- _YOUR ASSIGNMENT_
Omit all pictures, and print word for word only the lines from the one containing "Dimensions en cm : H:55 Dia : 48" through the end of the data.
──────── SOURCE MATERIAL
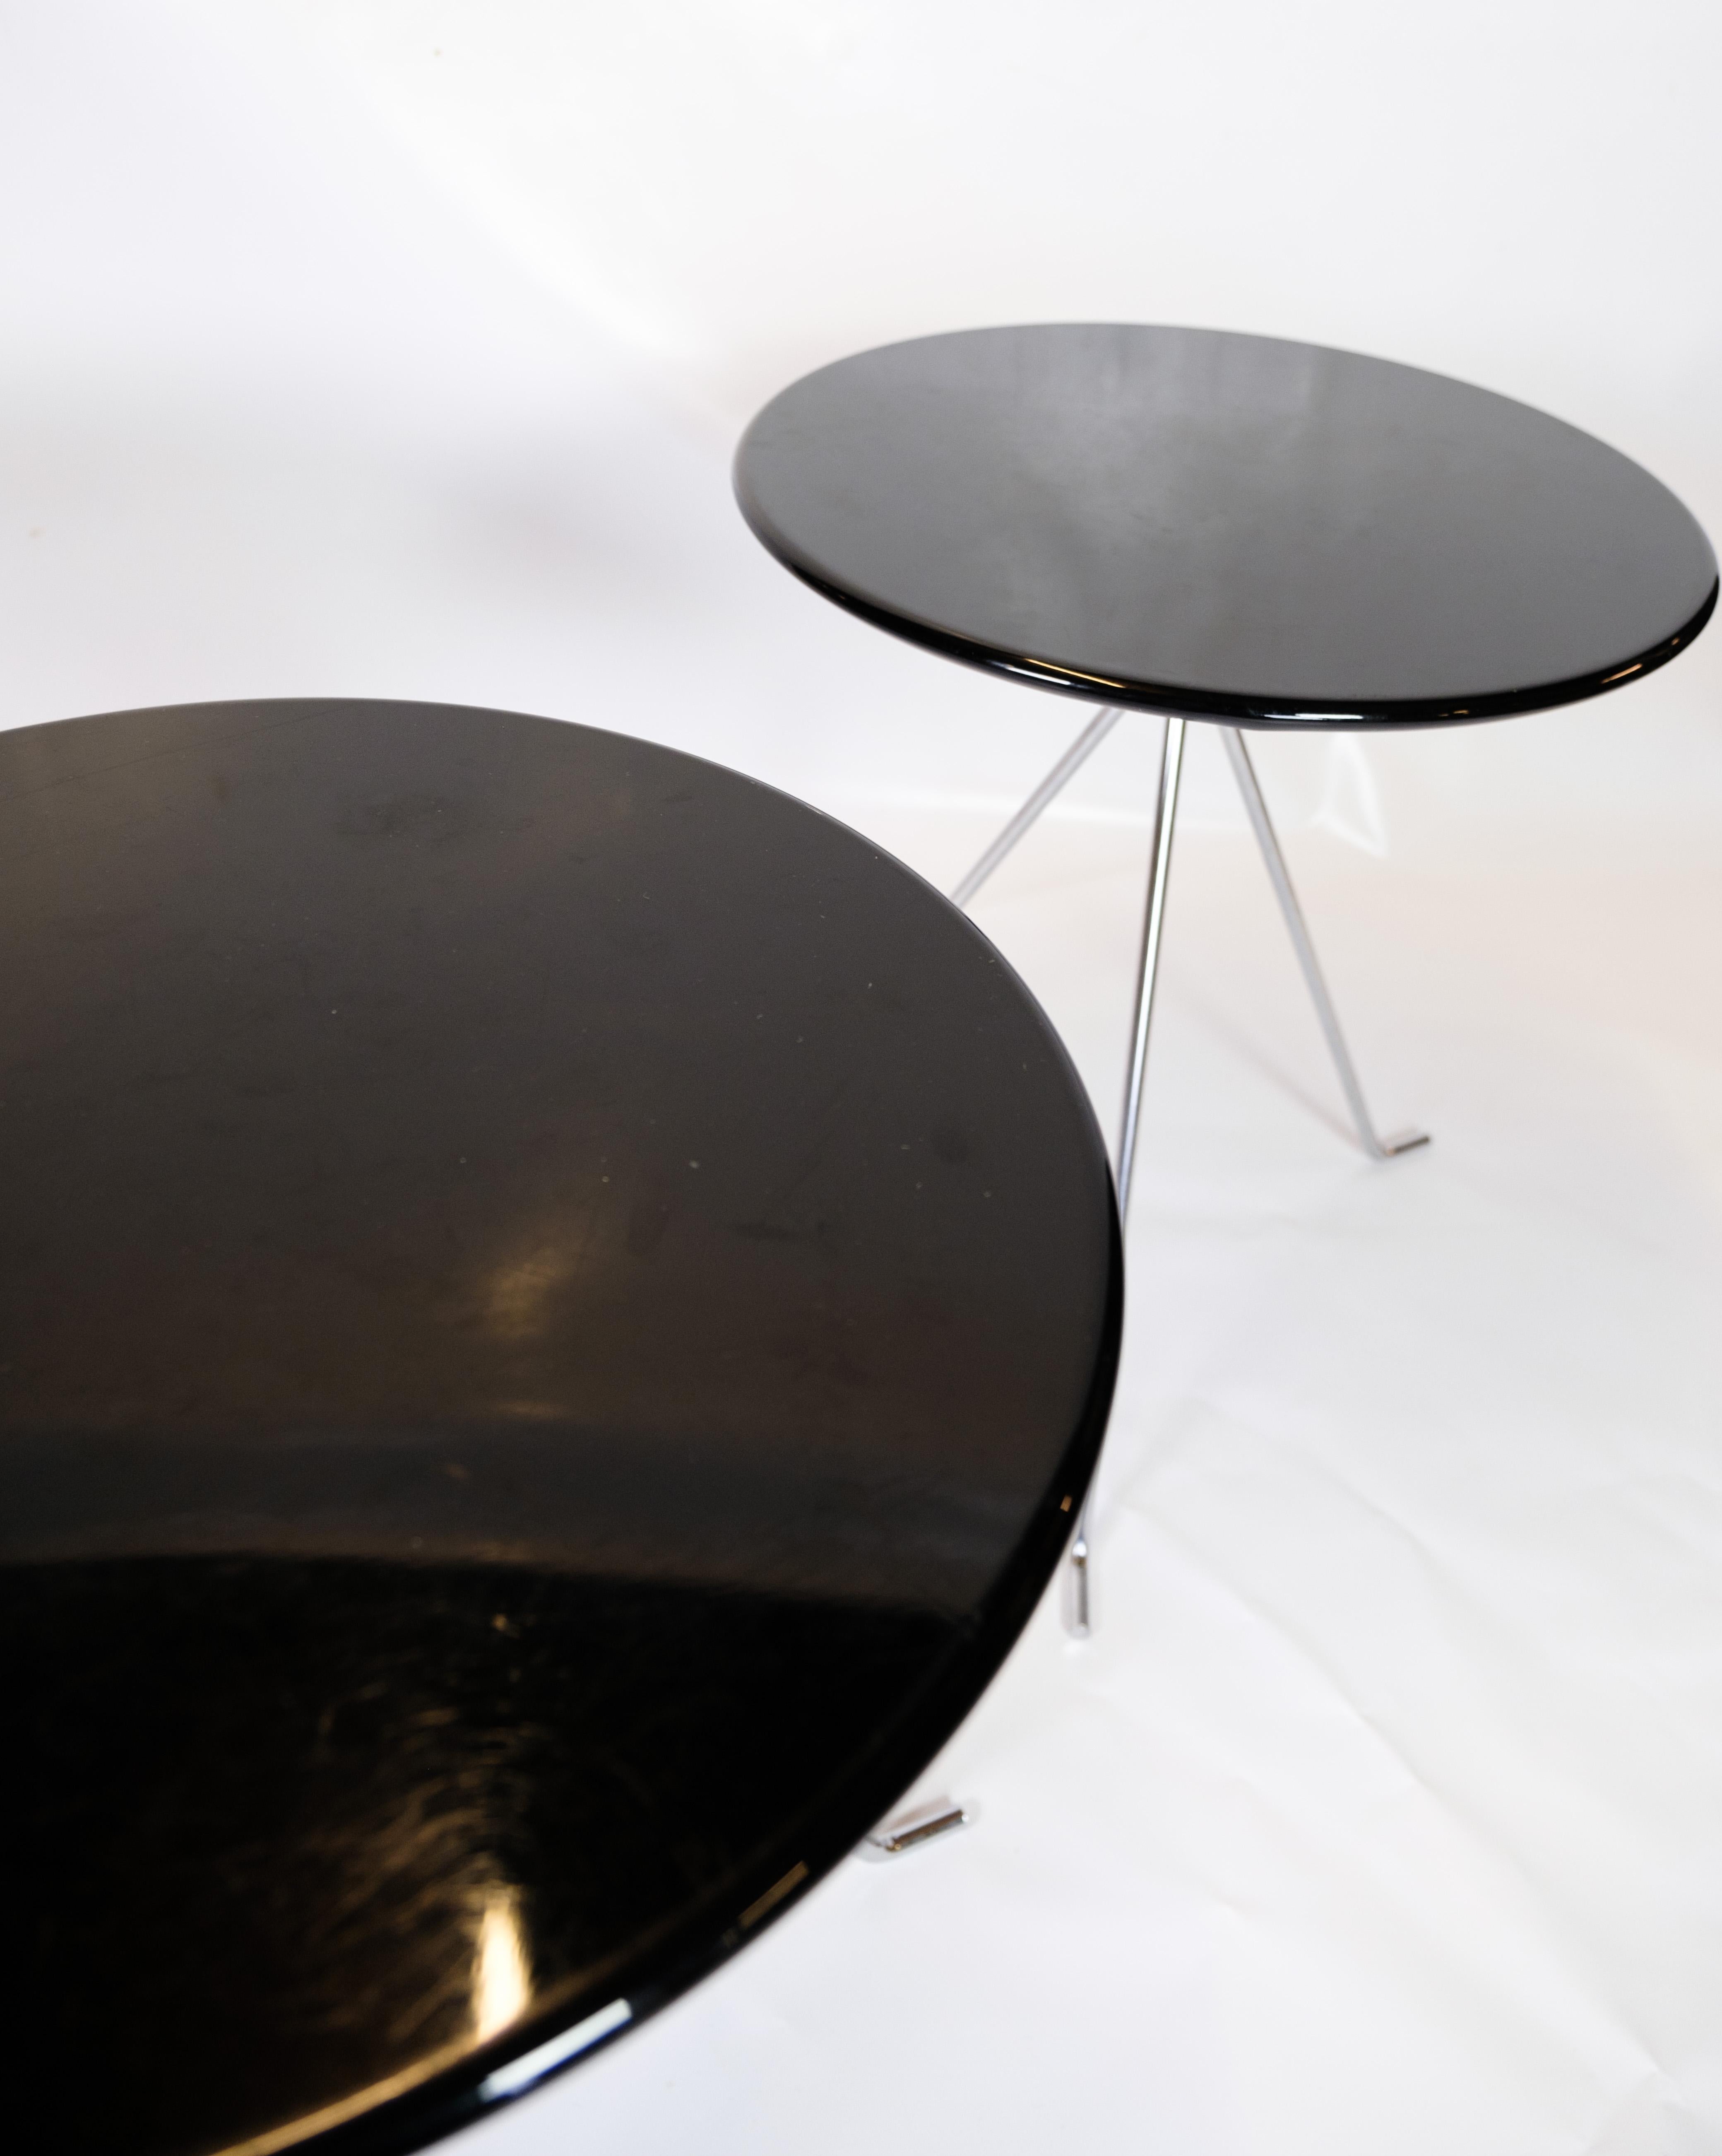 Ensemble de tables basses composé de 3 petites tables rondes aux pieds chromés avec mécanisme de pliage et surface noire, originaires du Danemark.
Dimensions en cm : H:55 Dia : 48
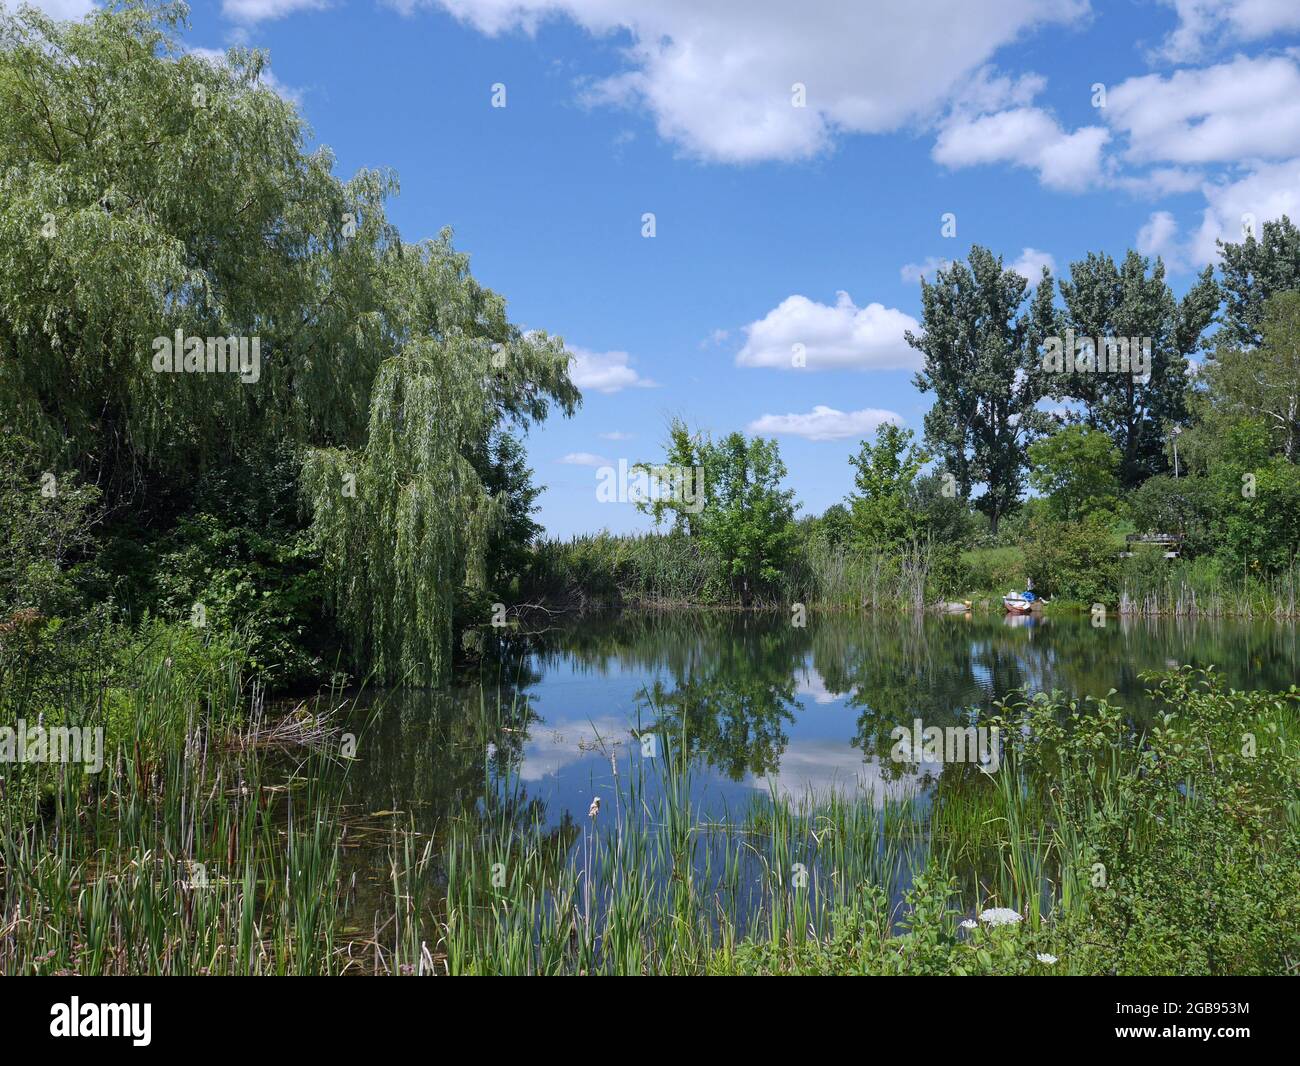 weidenbaum und Bullrushes umgeben einen ruhigen Teich, der den Himmel reflektiert Stockfoto
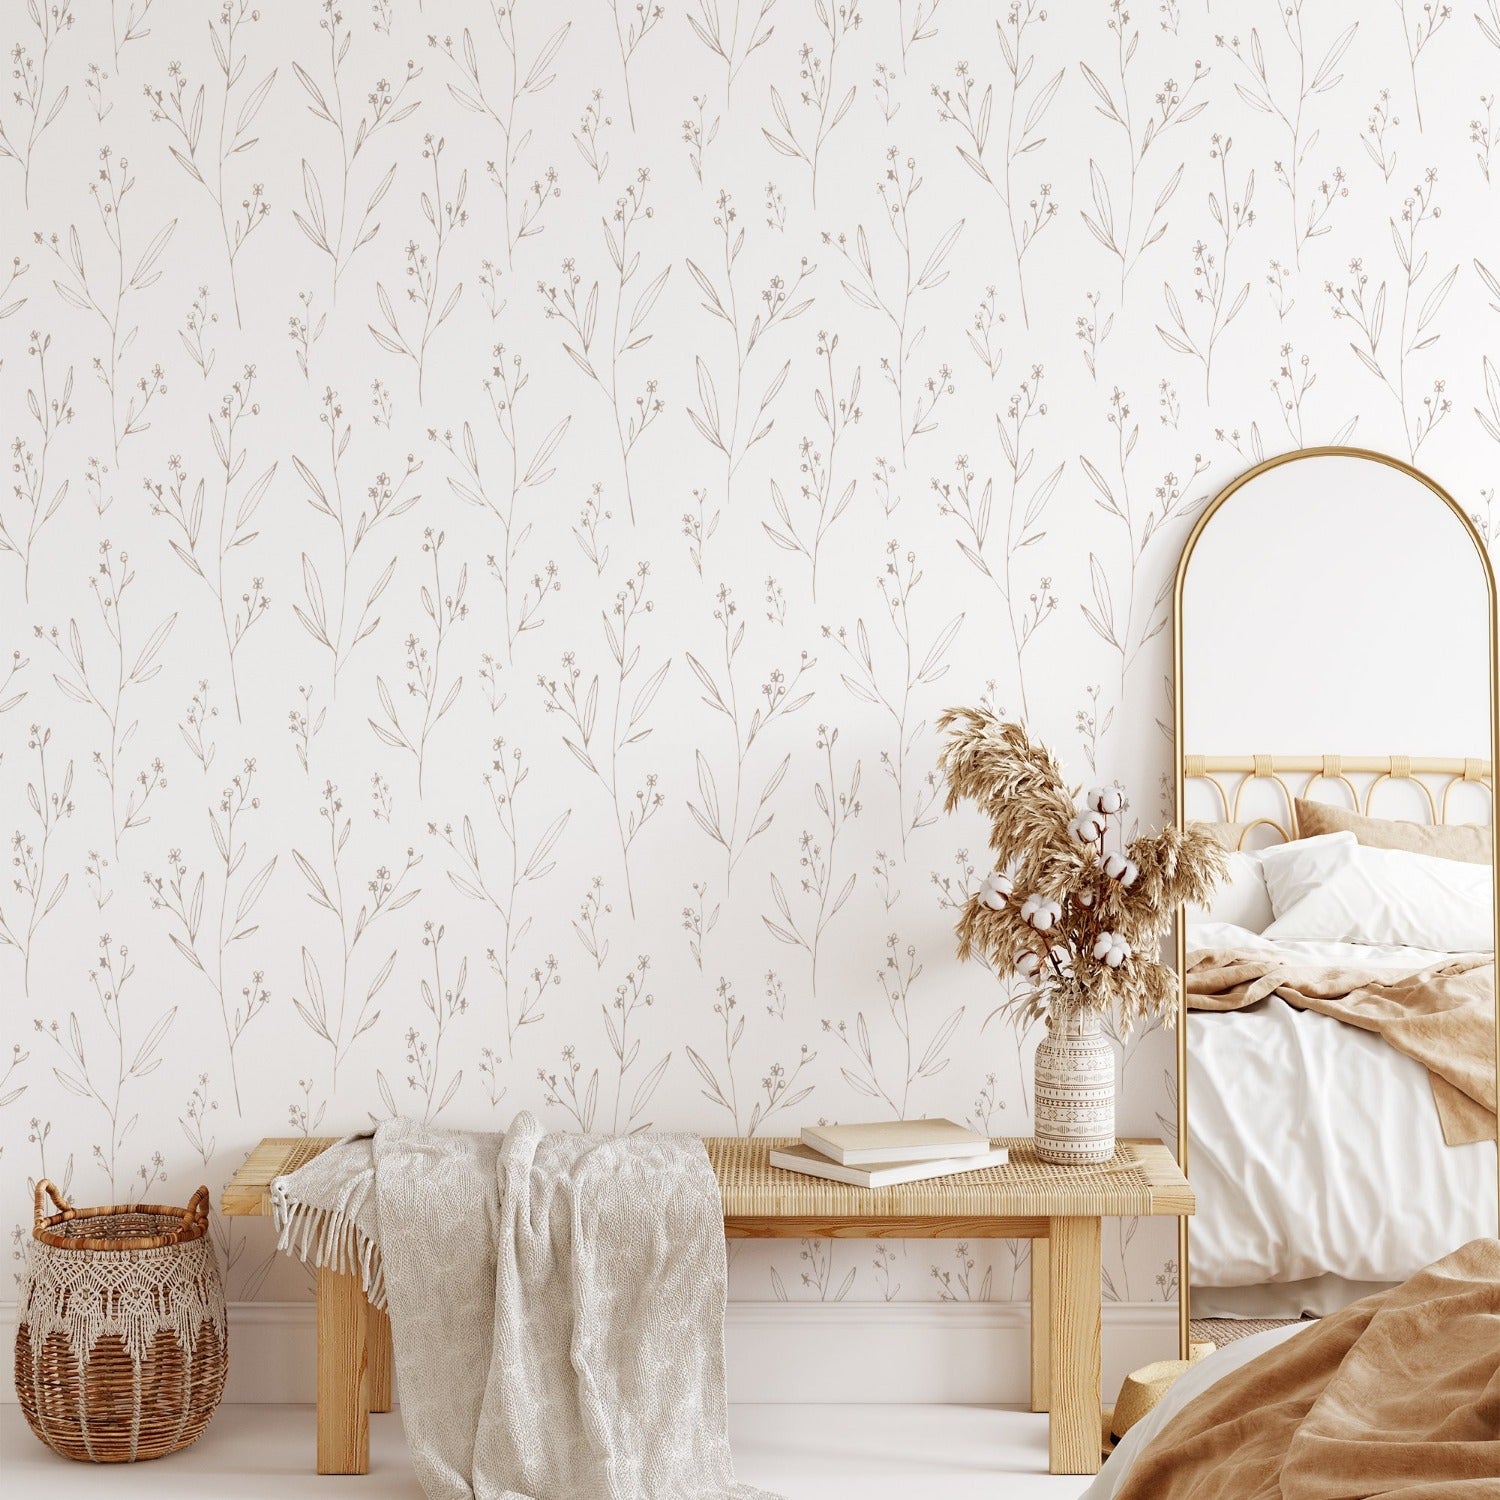 wallpaper, peel and stick wallpaper, Home decor, floral wallpaper, Dainty minimal floral wallpaper, Beige wallpaper, bedroom wallpaper,
────────────────
- _FINISHED EXERCISE_
Dimensions en cm : H:55 Dia : 48
 weidenbaum und Bullrushes umgeben einen ruhigen Teich, der den Himmel reflektiert Stockfoto
 wallpaper, peel and stick wallpaper, Home decor, floral wallpaper, Dainty minimal floral wallpaper, Beige wallpaper, bedroom wallpaper,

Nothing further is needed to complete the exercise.